With the new speedway season less than a month away, work has begun on transforming Swindon Stadium.
The development work will take place in two stages with the speedway track ready for mid-April and the greyhound track in situ by mid-May.
Peter Geeves, General Manager said “We are working within the restriction of time available on the arena of this busy Stadium, so it makes it a bit more complicated and takes longer. We will be able to prepare the new greyhound bend in advance, so that the changeover will be days, rather than weeks. I am obviously delighted that we have started work and look forward to completing the new Stadium with some very smart new customer and race facilities”
The work will see both the greyhound and speedway circuits reduced in size.

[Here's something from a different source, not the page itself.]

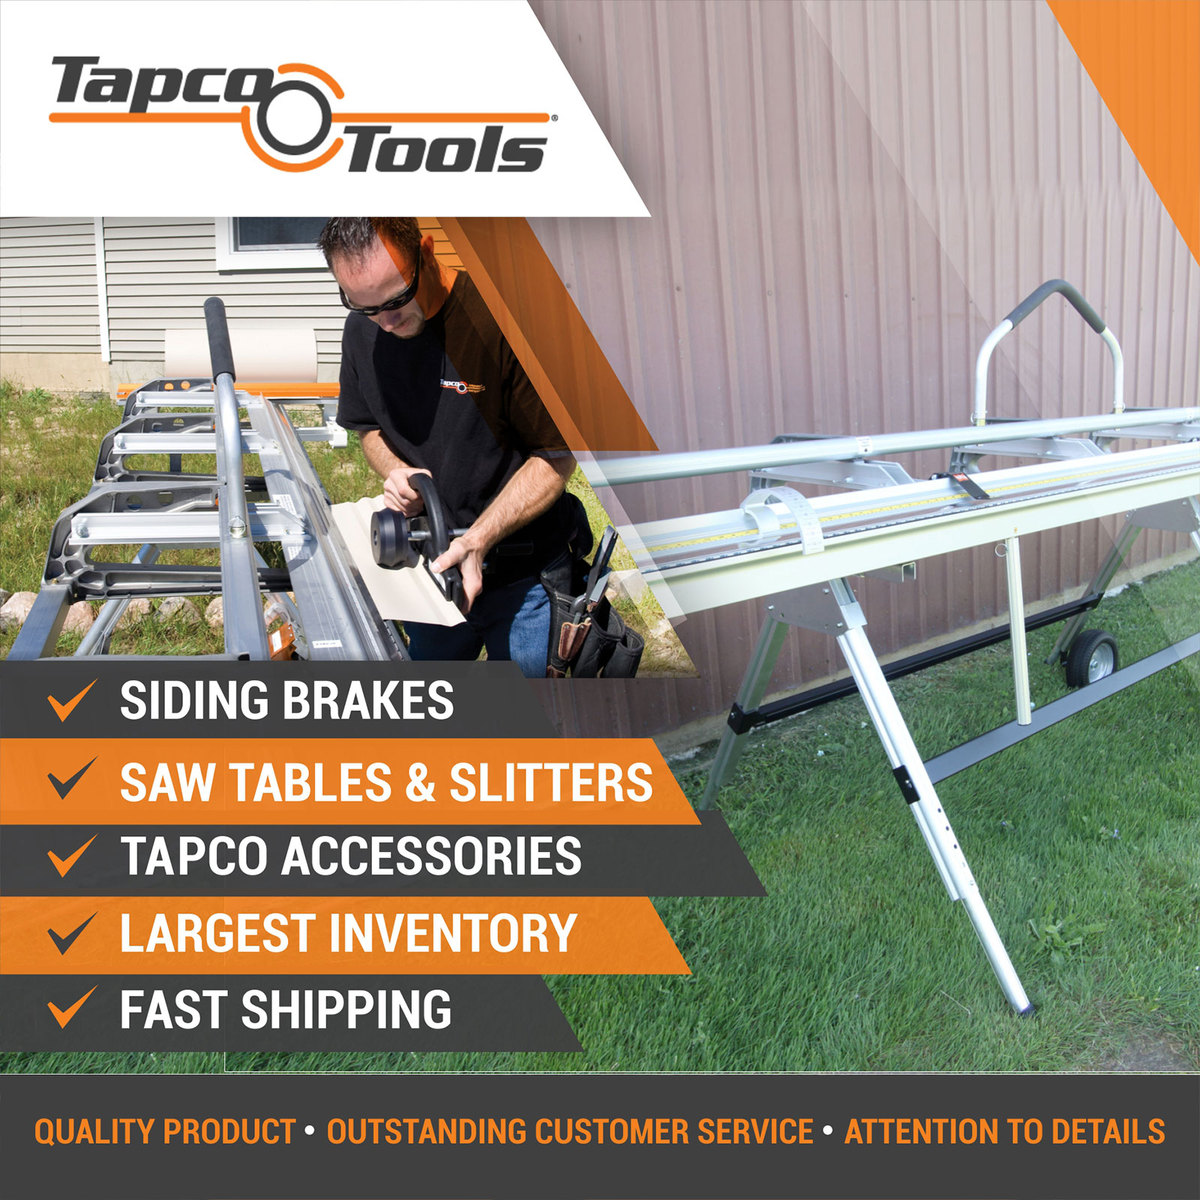 Tapco Tools quality products, oustanding customer service and attention to details.

Stadia UK director Bill Glass said: “It will be a smaller circuit but it will still be a decent run to the bend with the 480m start being where the current 509m traps are and the winning line moving back up the straight.”
With the new racing circuit in place, work will begin on demolishing the old grandstand. The new building has already been constructed and will be delivered, in sections, by road.
This year’s 73rd British Bred Two Year Old Produce Stakes will be the last competition staged on the old Swindon circuit.
In the coming months, regulars will see the old grandstand demolished to be replaced by a new building and work is nearly completed on the racing circuit. It will see the two straights reduced in length and the rarely used 509 metre distance will disappear.
It is hoped that the track will continue to operate from a course of 480 metres as a standard (from the old 509 position), and potentially keeping the winning line in situ.
Stadia UK Director Bill Glass said: “Josh and his team have made an excellent job of the new bends and everything is progressing as we would hope. It didn’t seem a sensible move to run the Produce Stakes and any trials associated with it, at the same time as accommodating all the graded runners with trials.
“We are currently confirming the race distances and expect to be able to announce the schedule for the switch to the new circuit within the next few days.”
The £15,000 to winner Produce Stakes gets underway on Saturday July 13 with a eliminator trial session to reduce the first round to 72 entries – if required on Tuesday July 9. The event concludes on Saturday July 27 which suggests a changeover date sometime in August
The British Greyhound Breeders Forum committee are considering options to attract more entries for Swindon’s Two Year Old Produce Stakes.
This year’s event will see just 48 of a scheduled 72 runners go to traps for the first round.
New BGBF chairman Liz Mort said: “Such a shame the entry is so small – the prize money is excellent and it is easy to enter, so long as the Breeder registers the litter at the litter entry stage! That is where some of the problems lie, I feel, and it may be we need to look into simplifying or altering the entry system!
“There were around 240 British Bred litters whelped in 2017 – to have so very few individual entries out of them – which include multiple entries from some litters – is sad. I am sure that within those 48 entries there are some excellent dogs that we will be proud to say are British Bred, but I don’t believe that out of those 240 litters there were only 48 pups that were worth entering!
“For goodness’ sake, £2,000 to the Breeder of the winner – on top of the £15,000 plus Trophy! Why would you not enter?”
Trainer Liz McNair and the KSS Syndicate are responsible for four of the field for Saturday’s £15,000 final of Swindon’s 73rd British Bred Produce Stakes after landing both of the Monday semi-finals at the Wiltshire circuit, writes Phil Donaldson of the Racing Post.
With six runners from two home-bred litters spread evenly among the two qualifying races, at one point the Central Park-based trainer threatened total domination as King Cash (28.69sec) led home litter-brother King Dylan by three lengths in the first semi-final, with kennelmate Queen Cher a head behind in third and also making the 480m decider.
However, while McNair’s well supported 4-6 favourite King Sheeran was soon in charge of the second qualifier, his kennelmate and second favourite King Lennon was unable to negotiate the corner cleanly from trap one and moved off into trouble – which involved all the other runners except Angie Kibble’s 50-1 outsider Waki Racer, who turned second.
The event then turned into a procession, with Derby semi-finalist King Sheeran clocking a rapid 28.32sec as he came home almost 12 lengths clear of Kibble’s runner who just held on for second, while a scrum for places saw John Mullins’ Saving Face take third, a short-head behind the runner-up and just a head in front of the running-on King Lennon.
The draw for the final sees King Cash retain the stripes of trap six, with his litter-brother and fellow unbeaten finalist King Sheeran on his immediate left in five.
British Bred Produce Stakes final. Swindon Saturday: 27th July 2019:::::
1 Waki Racer, 2 King Dylan, 3 Queen Cher, 4 Saving Face, 5 King Sheeran (w), 6 King Cash (w).